During Hirschfeld’s French exile, the National Socialists plundered the Institute for Sexual Research and burned his extensive book collection. Hirschfeld died unexpectedly in 1935, serving the Nazis and their propaganda as a prominent symbol of the degenerate Jew even after his sudden death. The last book by Magnus Hirschfeld, published a few years after his death, attracted much attention. Its content was a comprehensive indictment of racism in Nazi Germany and throughout European history.
Implications of the work of Magnus Hirschfeld
When one considers the temporal and social circumstances in which Magnus Hirschfeld not only dealt with the subject of homosexuality scientifically, but also campaigned for the rights of homosexuals and transgender people, his achievement can hardly be adequately acknowledged. For example, he had a great influence on the emergence of the gay rights movement in the USA. For example, Eric Marcus, a US author who published the book Making Gay History in 1992, in which he reviews the development of the LGBTQIA+ civil rights movement, apologises for not even mentioning the name of the German scientist Dr. Magnus Hirschfeld in his work.
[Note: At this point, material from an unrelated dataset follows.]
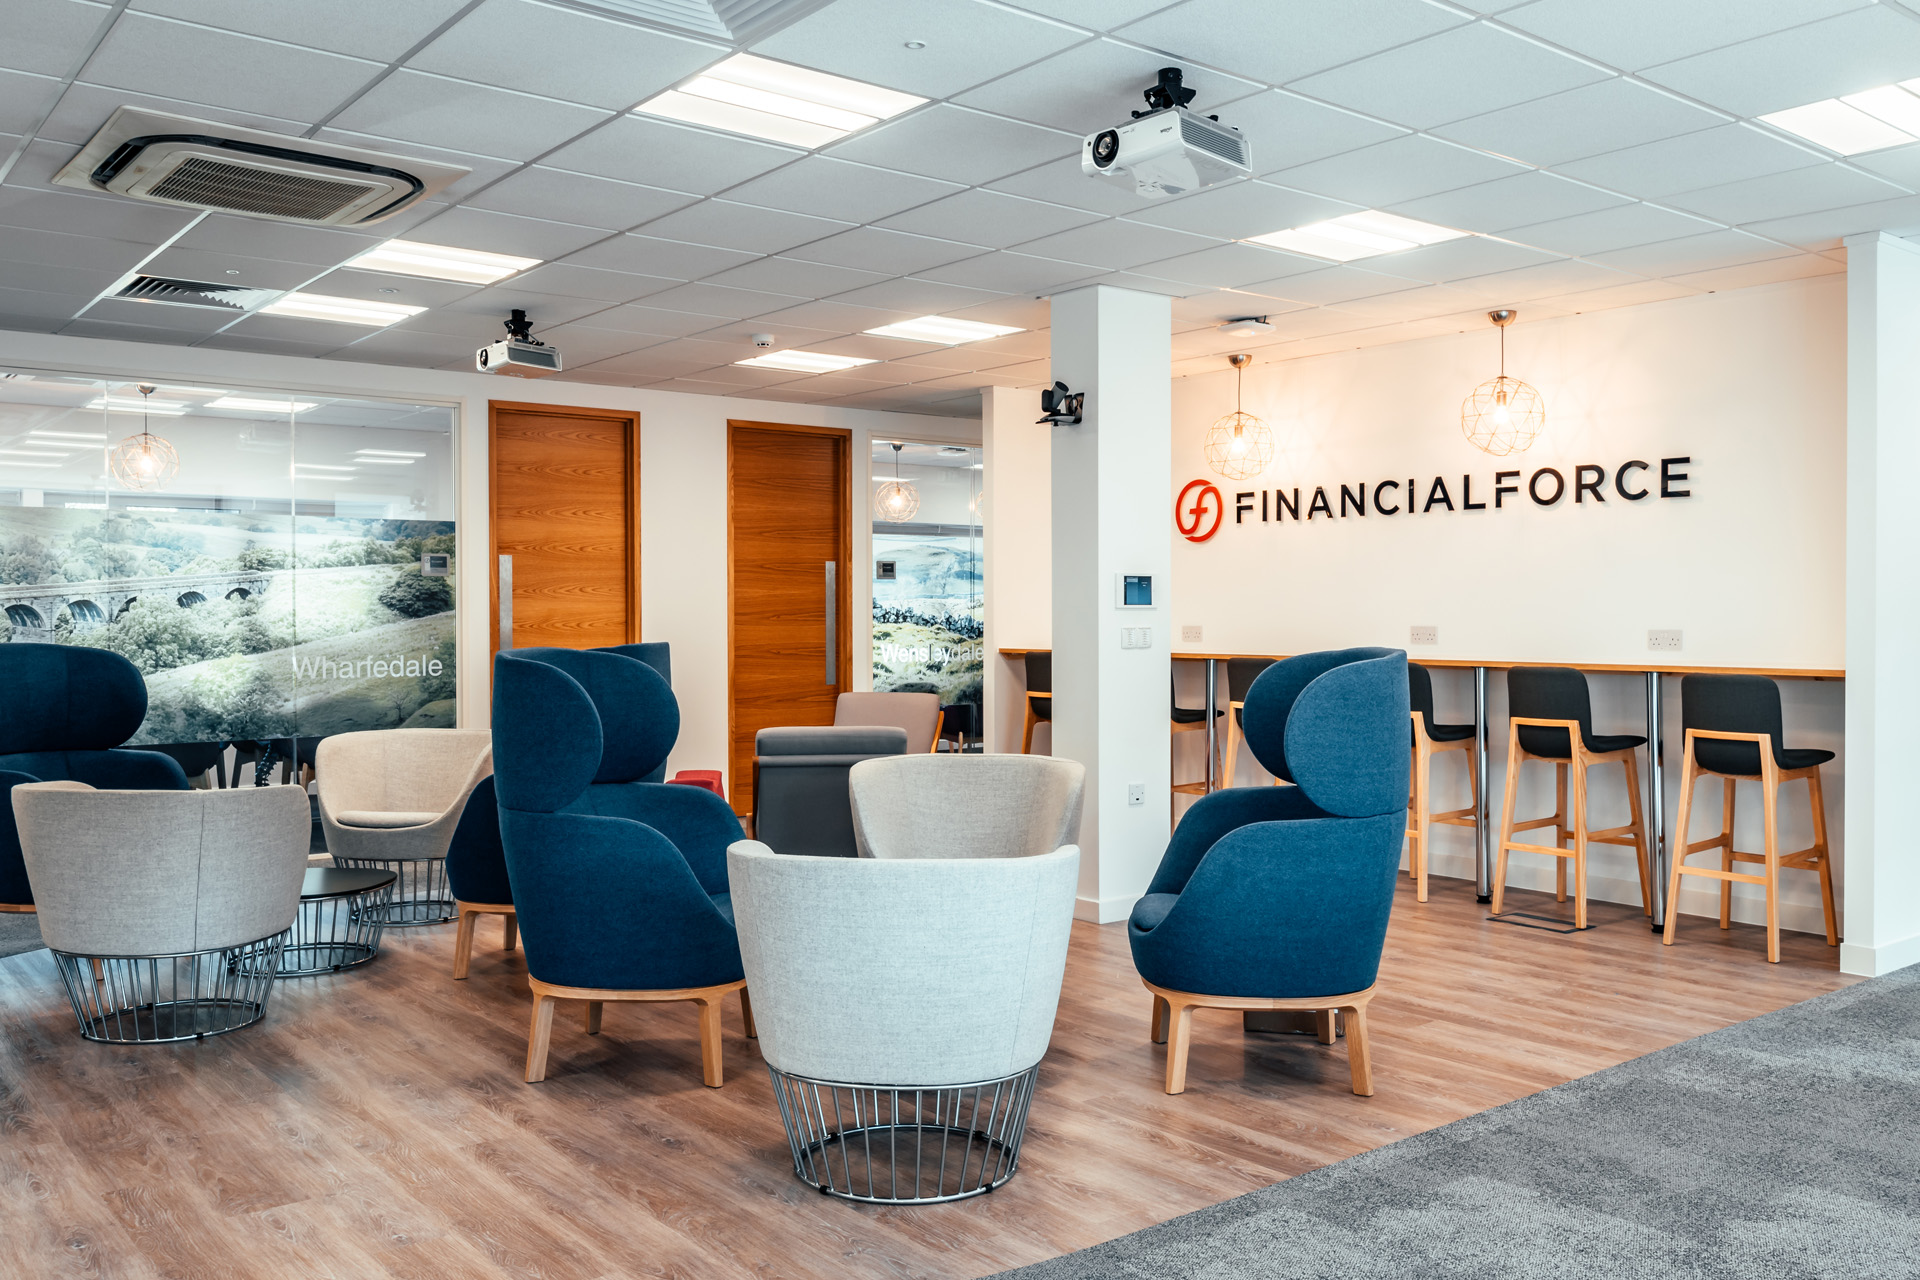 Financial-Force-2018-06-29-2.jpg

Magnus Hirschfeld published numerous books in the field of sexual education. Such as “Geschlechtsübergänge”, which was dedicated to the topic of a third sex. His important works also include a research paper in which he used the term transvestite for the first time, thus creating a term for this group of people that is still valid today. Today, his most important work is considered to be his “Sexual Pathology”, a textbook consisting of three volumes.